Hi, thanks for the very nice open source code. I am dealing with large-scale acoustic problems using Bempp-cl. Yesterday, when I tried the first benmark case with element number equal to 300 thousands, I am puzzled about the results. The following picture shows that the multiple threads have been activated(~128 threads), but I have not allocated the exact thread number in my python code(please see below). Is there any automative allocation mechanism in Bempp-cl to determine how many threads to utilize for large-scale problems?
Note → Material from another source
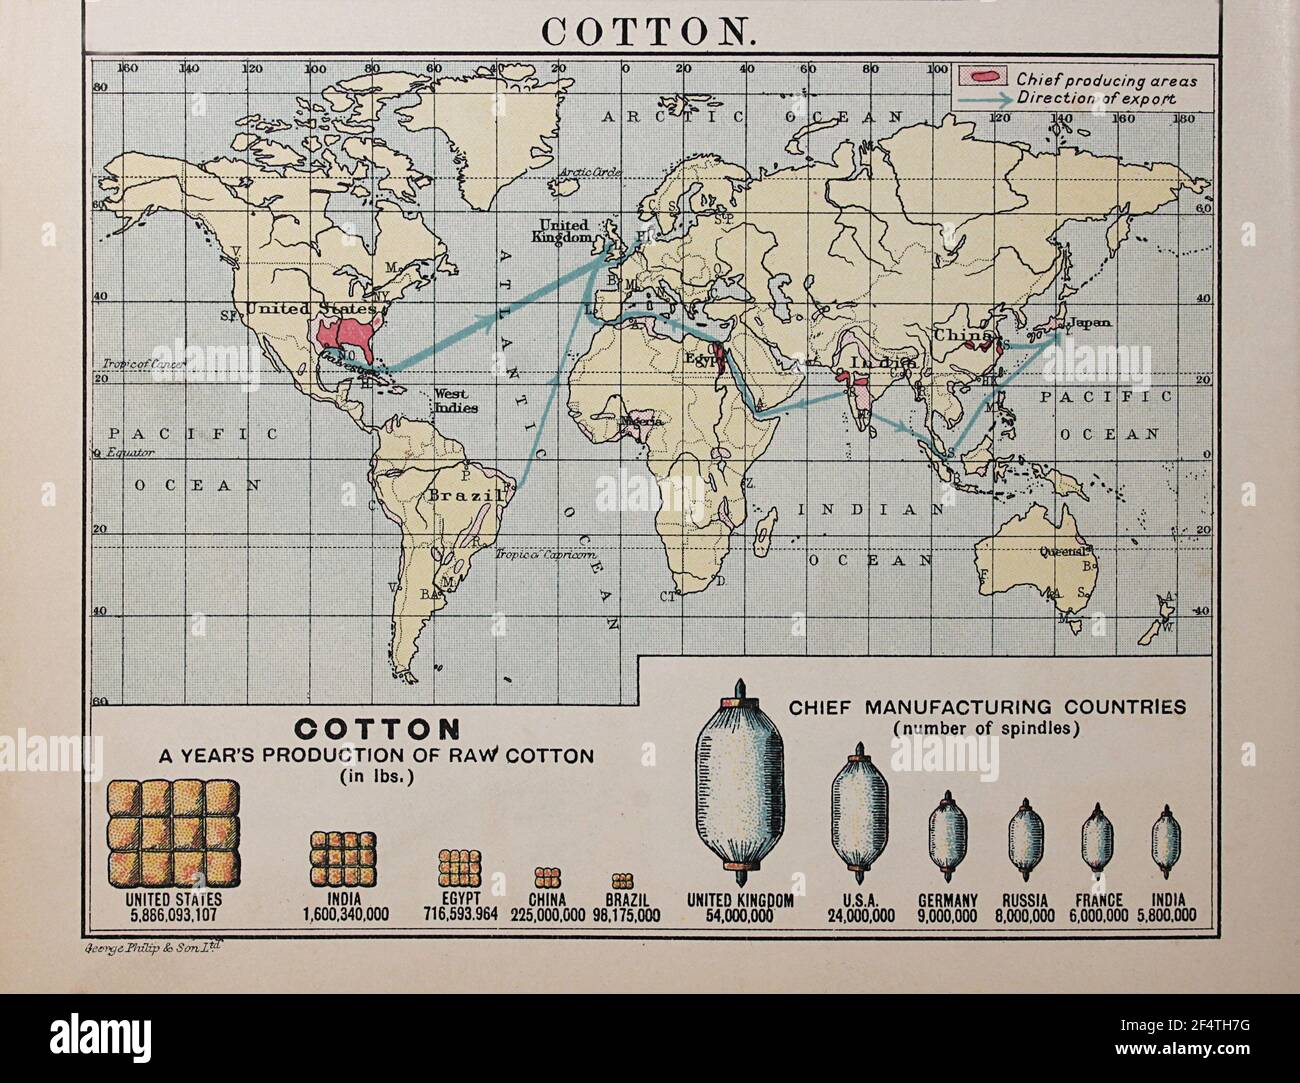 World map from 'Philips' Chamber of Commerce Atlas', 1912, showing cotton production. Stock Photo
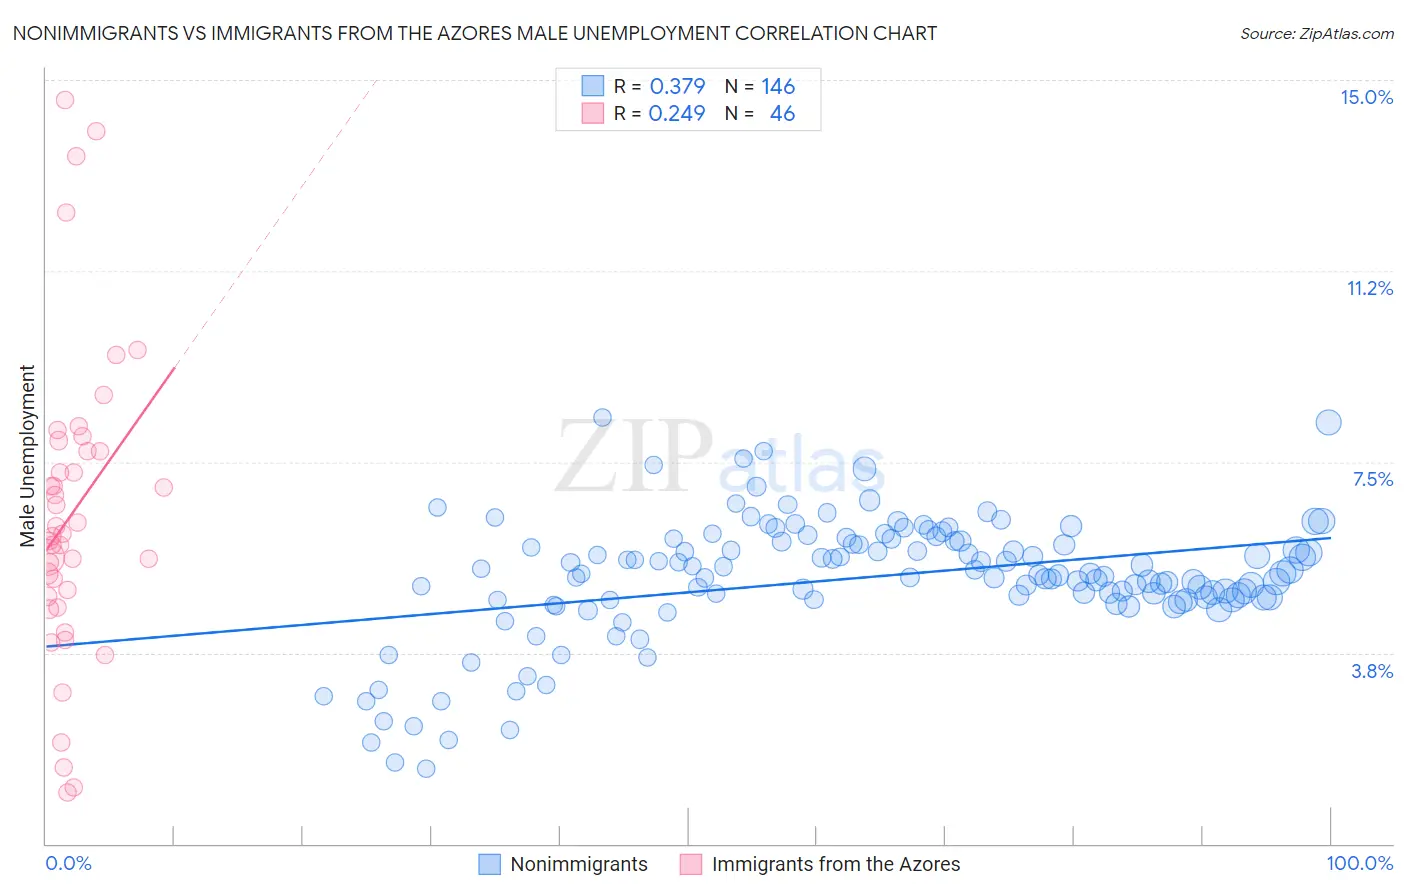 Nonimmigrants vs Immigrants from the Azores Male Unemployment

I will be very grateful if you can show me the related tutorial for this issue. (My linux cluster Information: ARMV8, CentOS)

my python code:

import bempp.api
bempp.api.DEFAULT_DEVICE_INTERFACE = 'numba'
bempp.api.VECTORIZATION_MODE = "vec4"
grid = bempp.api.shapes.sphere(h=0.01)
space = bempp.api.function_space(grid, "DP", 0)
slp = bempp.api.operators.boundary.laplace.single_layer(space, space, space)
def f(x, n, domain_index, result):
    result[0] = x[0] + 1

rhs = bempp.api.GridFunction(space, fun=f)
sol, info = bempp.api.linalg.gmres(slp, rhs)


the number of threads cannot be controlled from within Bempp. If you use Numba then they are controlled through the Numba runtime system. You can get more information here: The Threading Layers — Numba 0.50.1 documentation

One comment though. The Numba code is quite inefficient. Ideally, you would have an OpenCL runtime system for your ARM CPU cores so that you can enable the OpenCL functionality. Depending on the kernels this is typically 3 to 5 times faster (sometimes more).

Best wishes


Dear Dr. Betcke,
Hi, thanks for your reply. As you said, I also found that bempp running on Numba is really slow. For instance, if my matrix size is 60000x60000 and 192 threads are utilized, it takes about 0.6s and 5.33s for one GMRES iteration and ILU-GMRES iteration, respectively (I am studying a new mixed-precision algorithm for BEM, so FMM is not activated currently). I will adopt your suggestion and jump to the more suitable direction - OpenCL.

    Best wishes,